Assault on the Middle Class
Television emerged as a mass medium in the 1950s and quickly came to occupy a key role in an orchestrated campaign to eradicate conventional middle-class morals and culture.
In his monumental 1966 study Tragedy and Hope, the late Georgetown University historian Carroll Quigley observed: “The period since 1950 has seen the beginnings of a revolutionary change in American politics. This change is not so closely related to changes in American economic life as it is to the transformation in social life…. What has been happening has been a disintegration of the middle class.”
While economic factors certainly played an important role in this disintegration, continued Quigley, the most important development was the destruction of “the middle-class outlook … not by adult middle-class persons abandoning it, but by a failure or inability of parents to pass it on to their children.” This was partially due to radical changes in the American educational system undertaken for the purpose of using the schools to subvert middle-class morality. But just as important was “the context within which the educational system has operated,” noted Quigley — specifically, the popular culture and entertainment media.
“The chief external factor in the destruction of the middle-class outlook has been the relentless attack upon it in literature and drama throughout most of the twentieth century,” Quigley wrote. “In fact, it is difficult to find works that defended this outlook or even assumed it to be true, as was frequent in the nineteenth century.” The anti-middle-class outlook, which was rapidly absorbed by television, exalted “violence, social irresponsibility, sexual laxity and perversion … human weakness in relation to alcohol, narcotics, or sex, or domestic and business relationships conducted along completely nonbourgeois lines.”
Other themes woven into anti-bourgeois propaganda in literature and drama (including television) were “an oversimplified Freudianism that regarded all suppression of human impulse as leading to frustration and psychic distortions … the salutary consequences of self-indulgence … [and a] total rejection of middle-class values, including time, self-discipline, and material achievement, in favor of a cult of personal violence.”

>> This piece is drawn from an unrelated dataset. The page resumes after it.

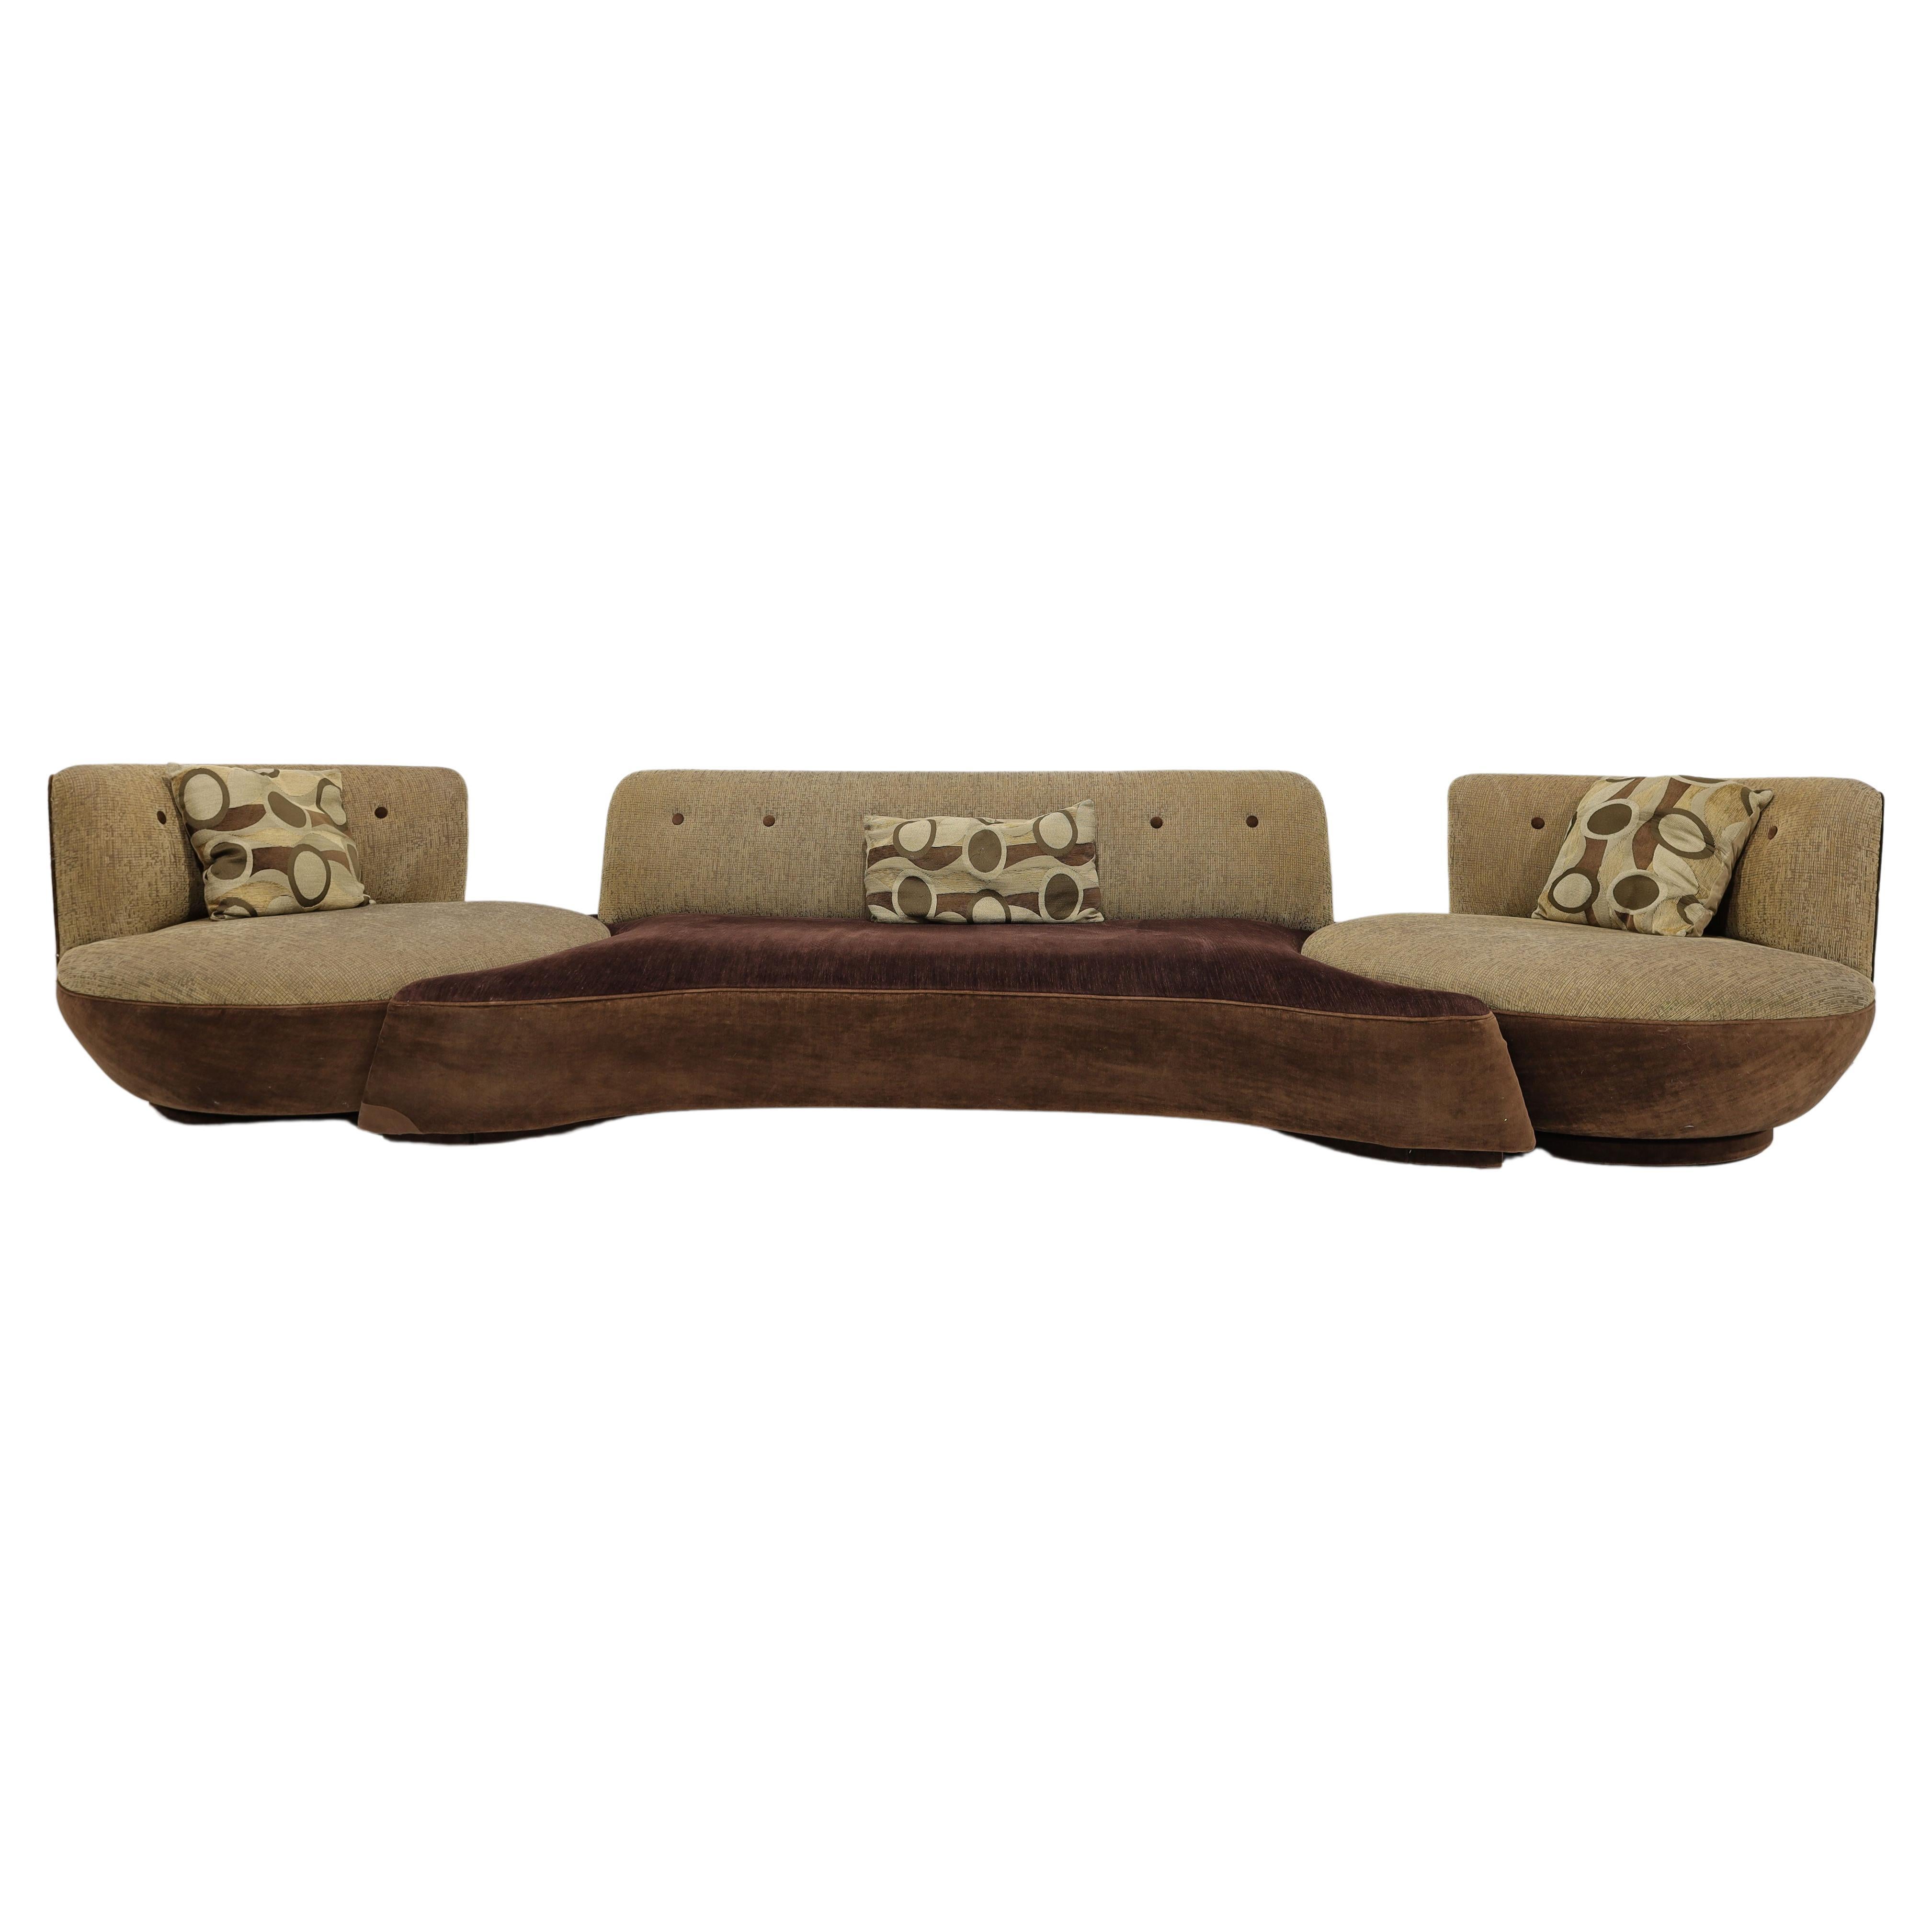 Milo Baughman for Thayer Coggin Sofa with Swivel Chairs  For Sale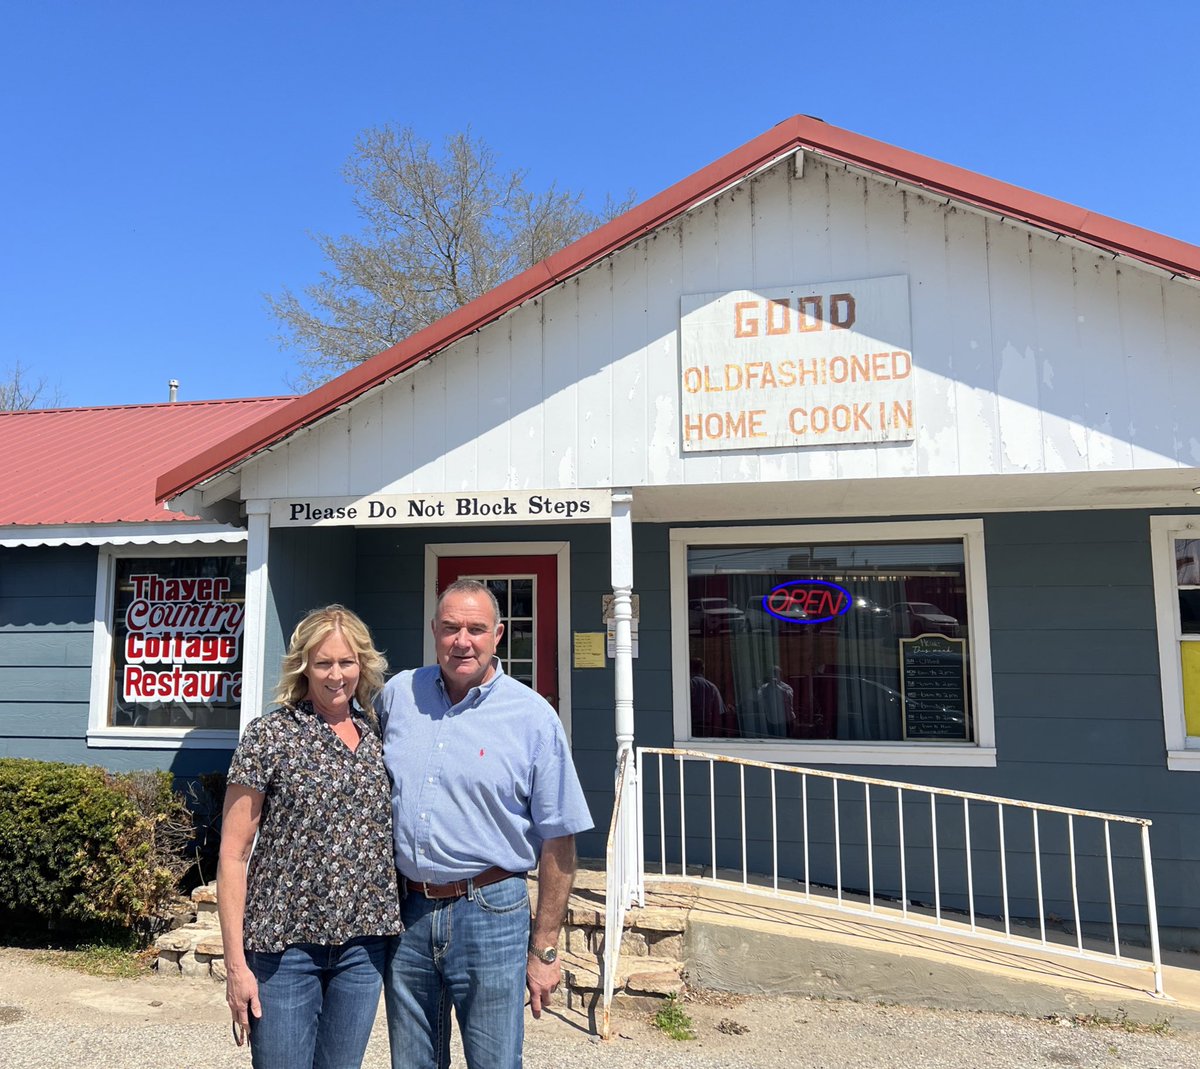 Stopped for lunch at the Country Cottage in Thayer today. Wednesday's lunch special — fried chicken. Great food and great people!

The result, concluded Quigley, was “a total reversal of middle-class values by presenting as interesting or admirable simple negation of these values by aimless, shiftless, and totally irresponsible people.” The political ascent of Arnold Schwarzenegger presents a splendid example of the reversal of values Quigley described.
The California recall movement began as a revolt by that state’s long-suffering middle class against a state government arrogantly determined to tax them into penury, regulate them into oblivion, and use the power of government to undermine their values and institutions.
California’s rebellious middle class was skillfully manipulated into supporting, as its champion, a novice politician — a product of Hollywood’s depravity-exalting culture, and who unabashedly supports abortion, homosexuality, affirmative action, and the essential tenets of the socialist welfare state. This was possible, in large measure, because California’s middle-class electorate, having passed through the dialectic process described by Gotcher, considered it more important to be part of the winning side than to defend sound principles.
Television is the single most effective means of shepherding the American population through the dialectic process. This is why Americans seriously interested in preserving their freedoms should severely limit or entirely eliminate their TV viewing.